CONCLUSIONS. Manufacturing and use of ATMPs on non-routine basis shall follow objective requirements, to be assessed by governmental entities who are able to appreciate their scientific basis, rather than – as in the past – used under the mere responsibility of physicians and on the basis of self-certified manufacturing facilities. If, on the one hand, it would be advisable that all who need to resort to compassionate use of medicinal products can access medicinal products as quickly as possible, on the other hand it must be ensured that the same people receive adequate protection from deceitful conducts. The Stamina case showed how vulnerable to deception patients who are in a life threatening condition without any available cure can be to false hopes spread by therapies without scientific basis: the recent ATMP Decree attempts to protect them.


[1] According to Section 2 of Regulation (EC) No. 1394/2007 of the European Parliament and of the Council of 13 November 2007 on advanced therapy medicinal products and amending Directive 2001/83/EC and Regulation (EC) No. 726/2004 ATMPs include gene therapy products, somatic cell therapy products and tissue engineered products.

[2] The ATMP Decree has been published on the Official Gazette no. 56 of March 9th, 2015 and will become effective fifteen days after publication.
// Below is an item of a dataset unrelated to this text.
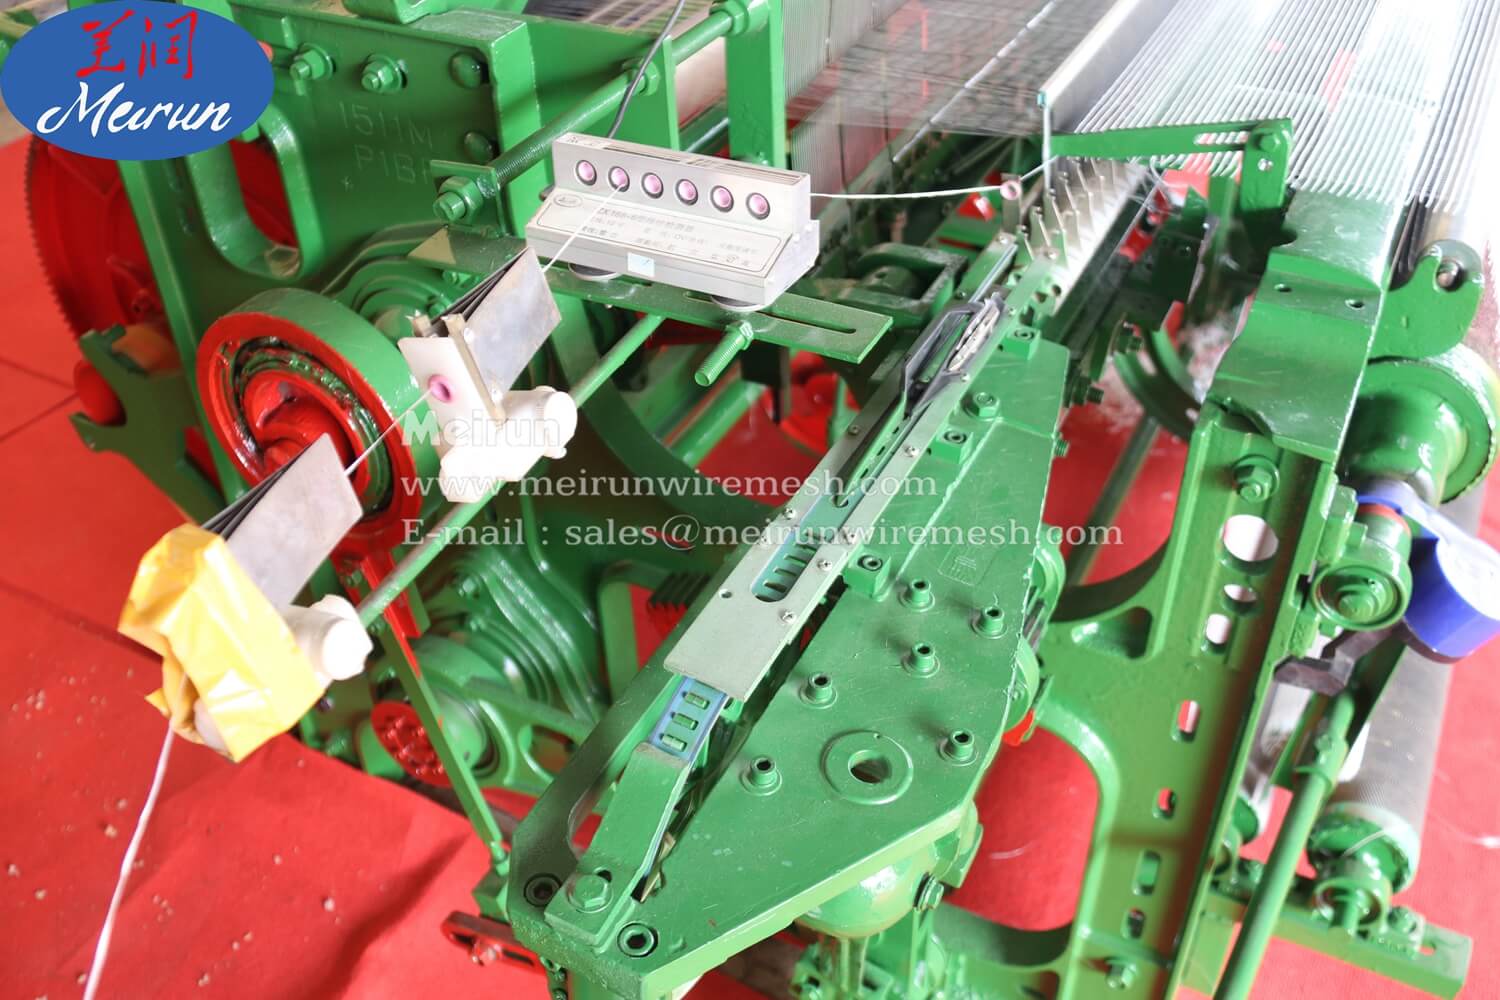 Fiberglass Mesh Coating Weaving Machine

[3] See Section 1 of Ministerial Decree of March 2, 2004. Such non-routinely manufactured drugs were also excluded by the scope of the Pharma Code (Legislative Decree no. 219 of 2006) which focused on the industrial manufacturing of medicinal products and excluded non-routine drugs from its scope.

[4] Ministerial Decree n. 25520 of December 5th, 2006.
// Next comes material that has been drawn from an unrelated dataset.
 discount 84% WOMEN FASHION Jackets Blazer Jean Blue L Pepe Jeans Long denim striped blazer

[5] According to Ministerial Decree n. 11521 of May 8th, 2013 “compassionate use” or “expanded access” of medicinal products may occur when no suitable alternative is available, in case of life-threatening situations, when serious harm to a patient’s health is potential, or in case of serious diseases with fast progression.

[6] The “Stamina Method”, created by Prof. Vannoni for the treatment of neurodegenerative diseases, is based on the conversion of mesenchymal stem cells into neurons and apparently lacks any scientific foundation. The method itself was also harshly criticized by Nature, one of the most prestigious scientific journals ( Prof. Vannoni manufactured ATMPs while completely disregarding GMPs. Prof. Vannoni was criminally charged and prosecuted for organized crime with the purpose of fraud and recently plea bargained.

[7] Principles and guidelines of GMPs are contained in Commission Directive 2003/94/EC of 8 October 2003 laying down the principles and guidelines of good manufacturing practice in respect of medicinal products for human use and investigational medicinal products for human use.

[8] The process also includes submittal of request for authorization, along with a report on the ATMP.